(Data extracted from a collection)
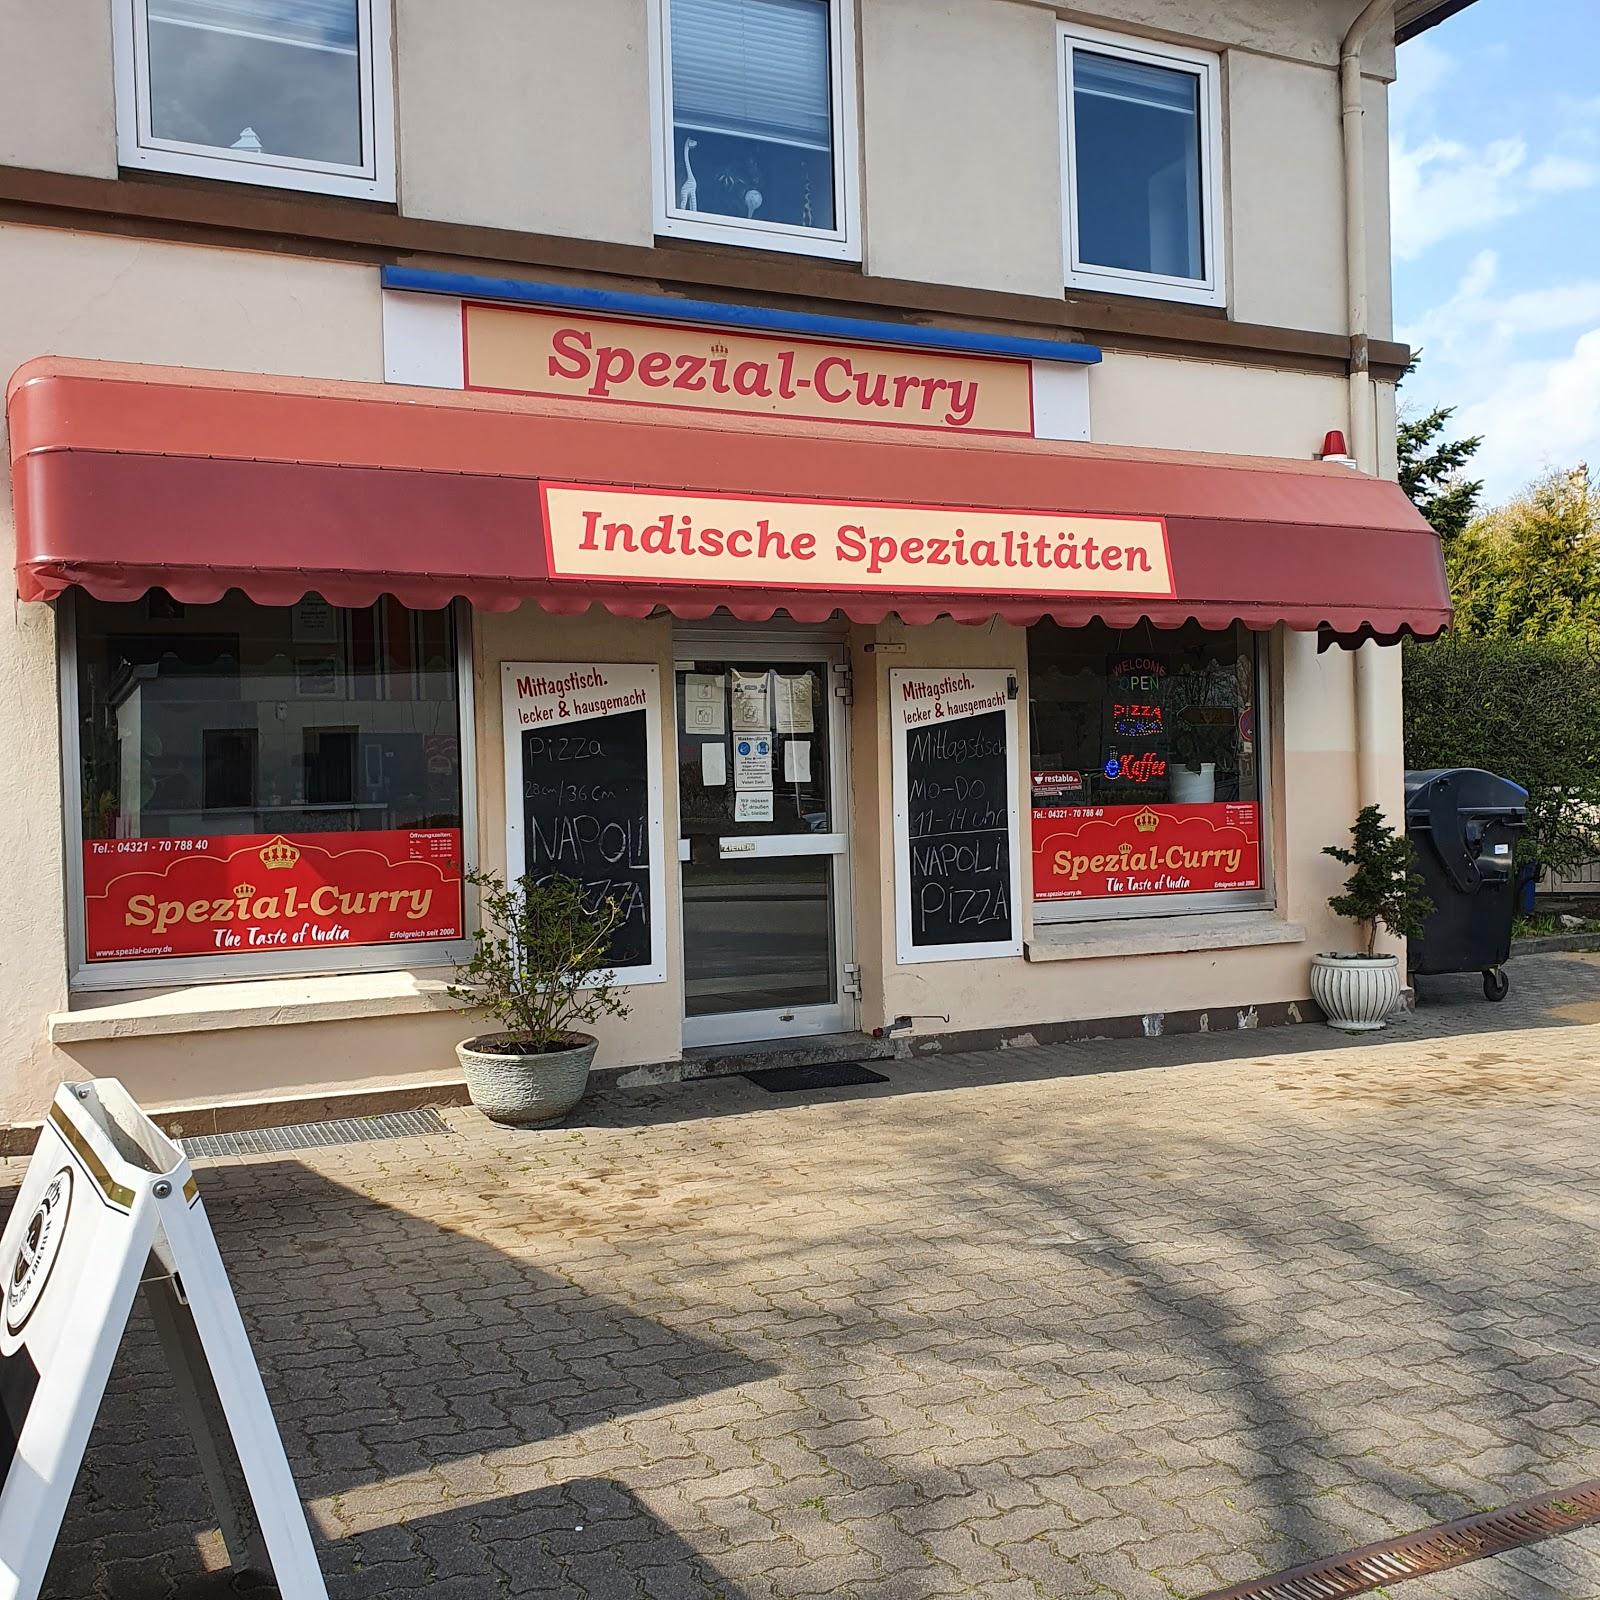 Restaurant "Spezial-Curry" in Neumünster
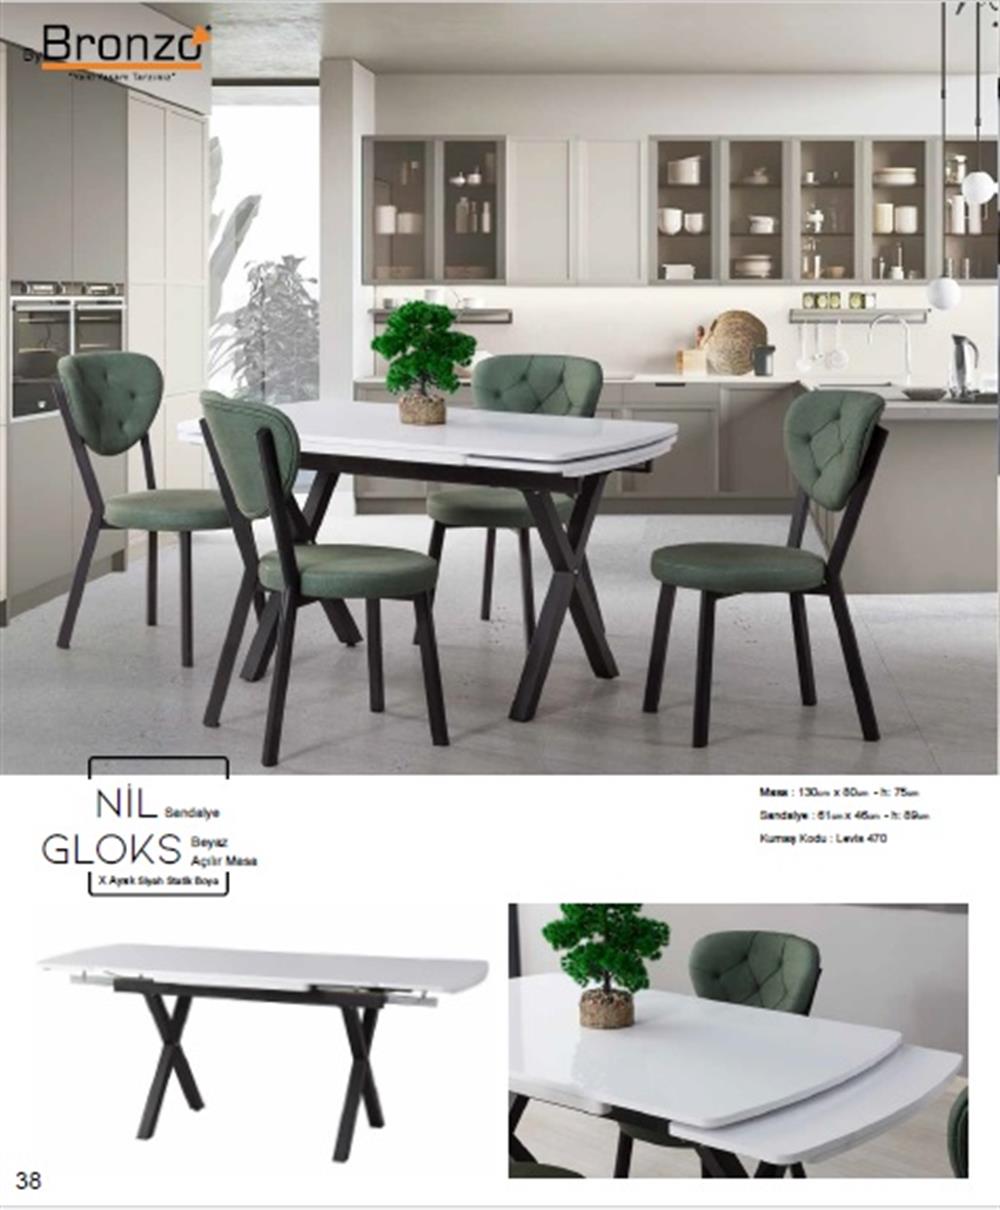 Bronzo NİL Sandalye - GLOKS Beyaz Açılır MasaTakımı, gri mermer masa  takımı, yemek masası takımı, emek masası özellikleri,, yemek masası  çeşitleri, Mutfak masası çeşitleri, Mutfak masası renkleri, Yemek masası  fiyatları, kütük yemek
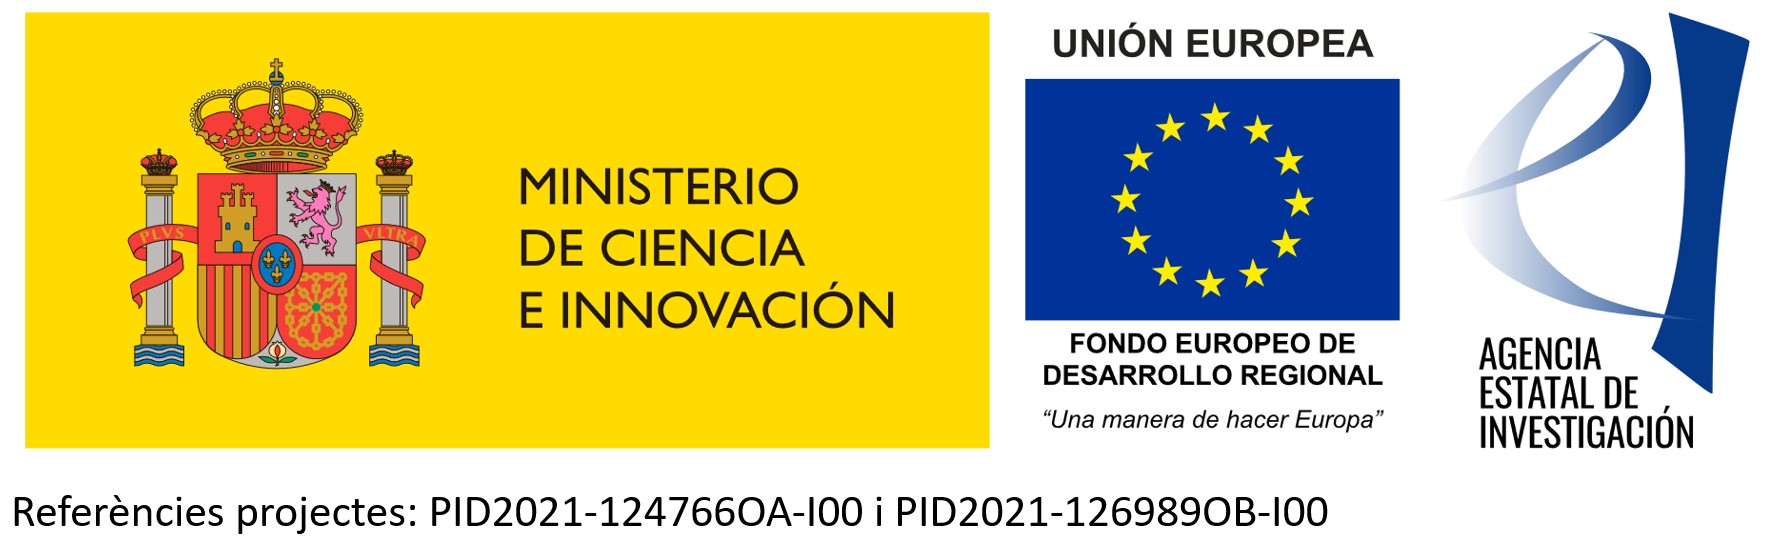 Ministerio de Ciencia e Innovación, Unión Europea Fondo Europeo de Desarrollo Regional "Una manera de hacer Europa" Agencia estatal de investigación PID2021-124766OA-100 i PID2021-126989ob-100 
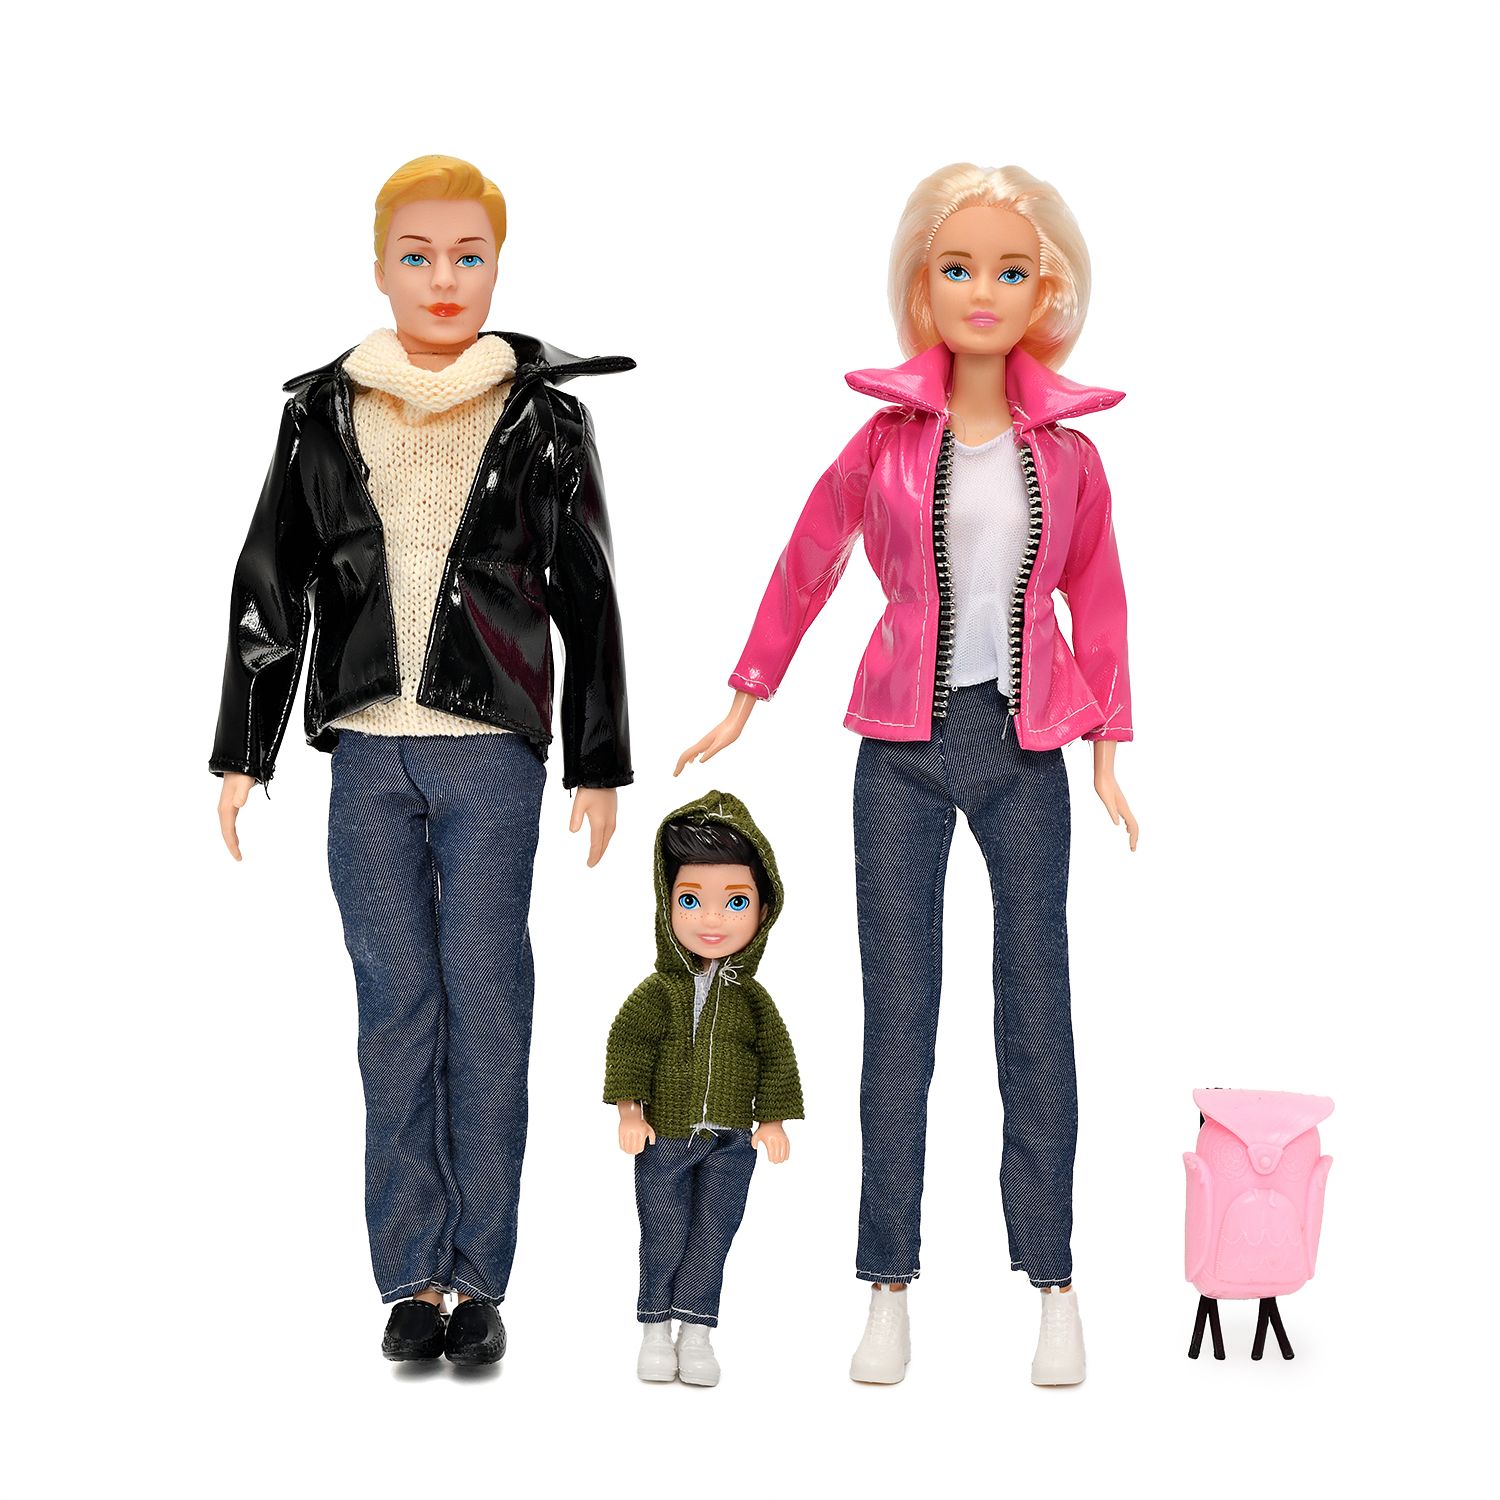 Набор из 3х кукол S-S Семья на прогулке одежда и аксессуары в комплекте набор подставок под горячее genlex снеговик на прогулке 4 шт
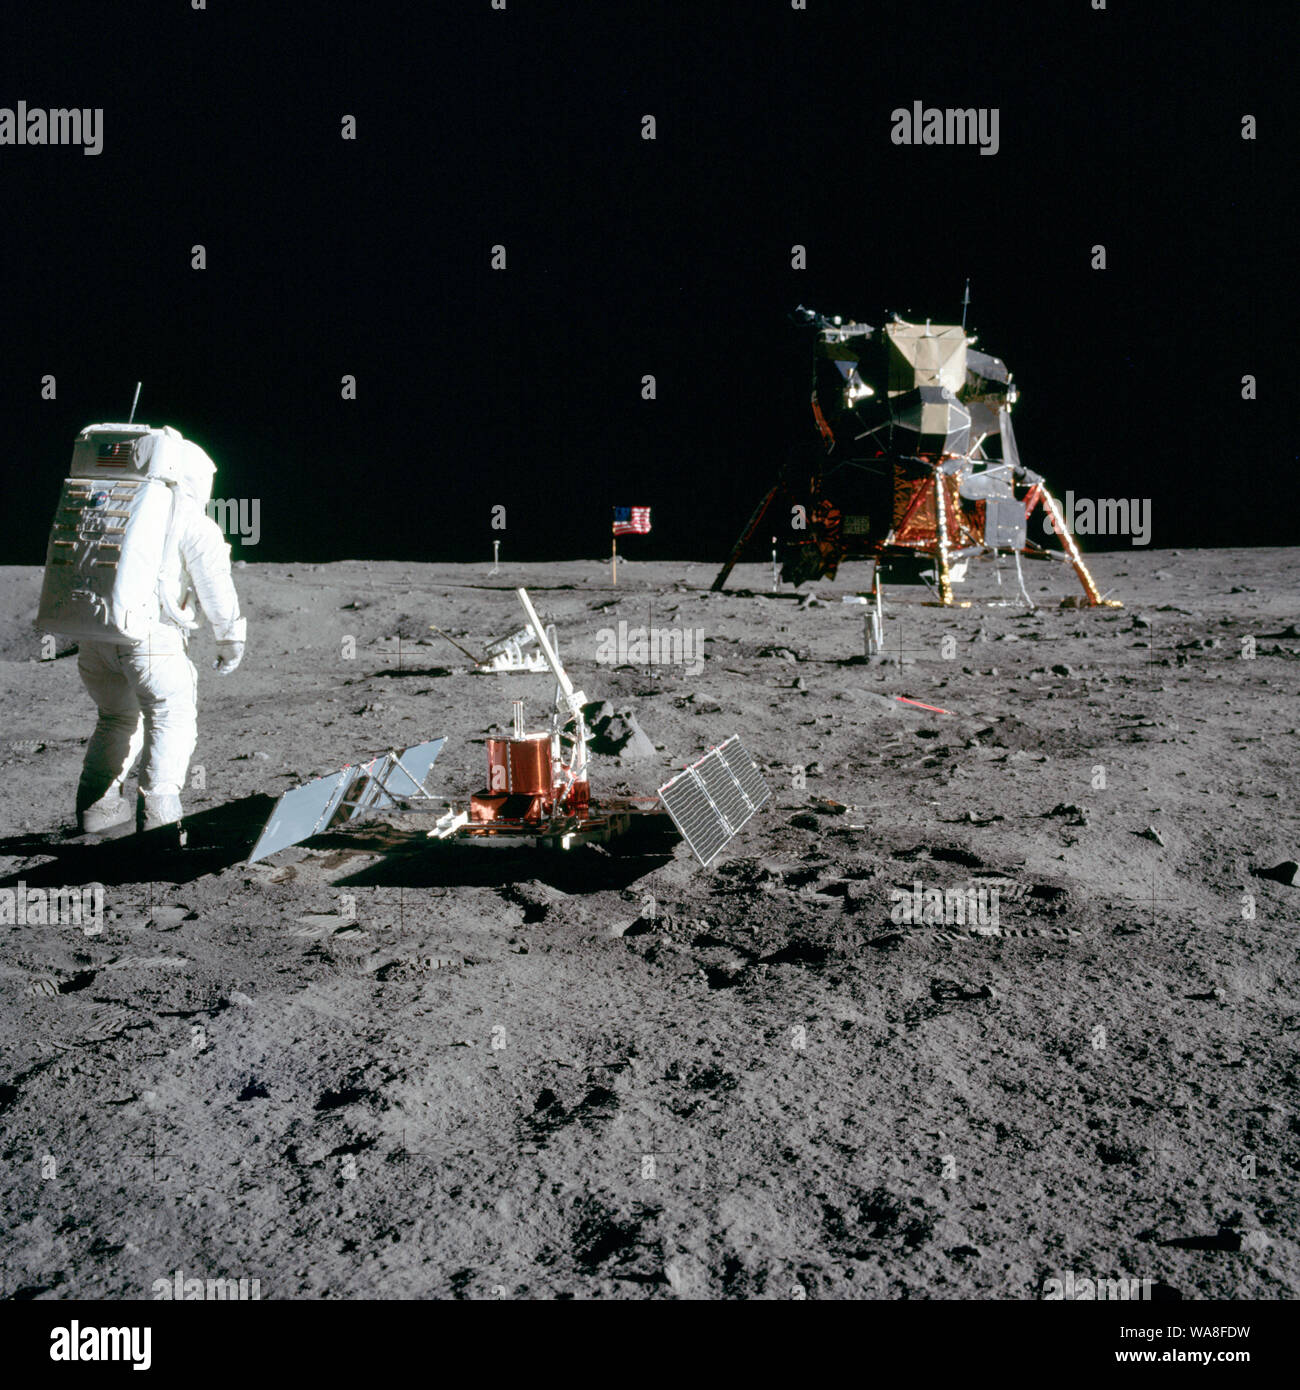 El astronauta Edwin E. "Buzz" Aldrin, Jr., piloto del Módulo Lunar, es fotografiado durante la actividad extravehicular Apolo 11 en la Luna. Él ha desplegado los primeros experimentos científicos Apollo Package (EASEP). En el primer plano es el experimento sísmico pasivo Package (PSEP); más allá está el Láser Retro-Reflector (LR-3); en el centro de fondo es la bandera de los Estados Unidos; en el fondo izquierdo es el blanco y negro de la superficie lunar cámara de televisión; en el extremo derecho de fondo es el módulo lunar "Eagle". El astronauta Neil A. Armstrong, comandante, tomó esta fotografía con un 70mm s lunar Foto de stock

Brief — Keep to the lines above from the line with "Ministerio de Ciencia" to the line with "Набор из 3х", and set down exactly those, inclusive, with nothing else and every picture left out.

Final answer —
 Ministerio de Ciencia e Innovación, Unión Europea Fondo Europeo de Desarrollo Regional "Una manera de hacer Europa" Agencia estatal de investigación PID2021-124766OA-100 i PID2021-126989ob-100 
 Набор из 3х кукол S-S Семья на прогулке одежда и аксессуары в комплекте набор подставок под горячее genlex снеговик на прогулке 4 шт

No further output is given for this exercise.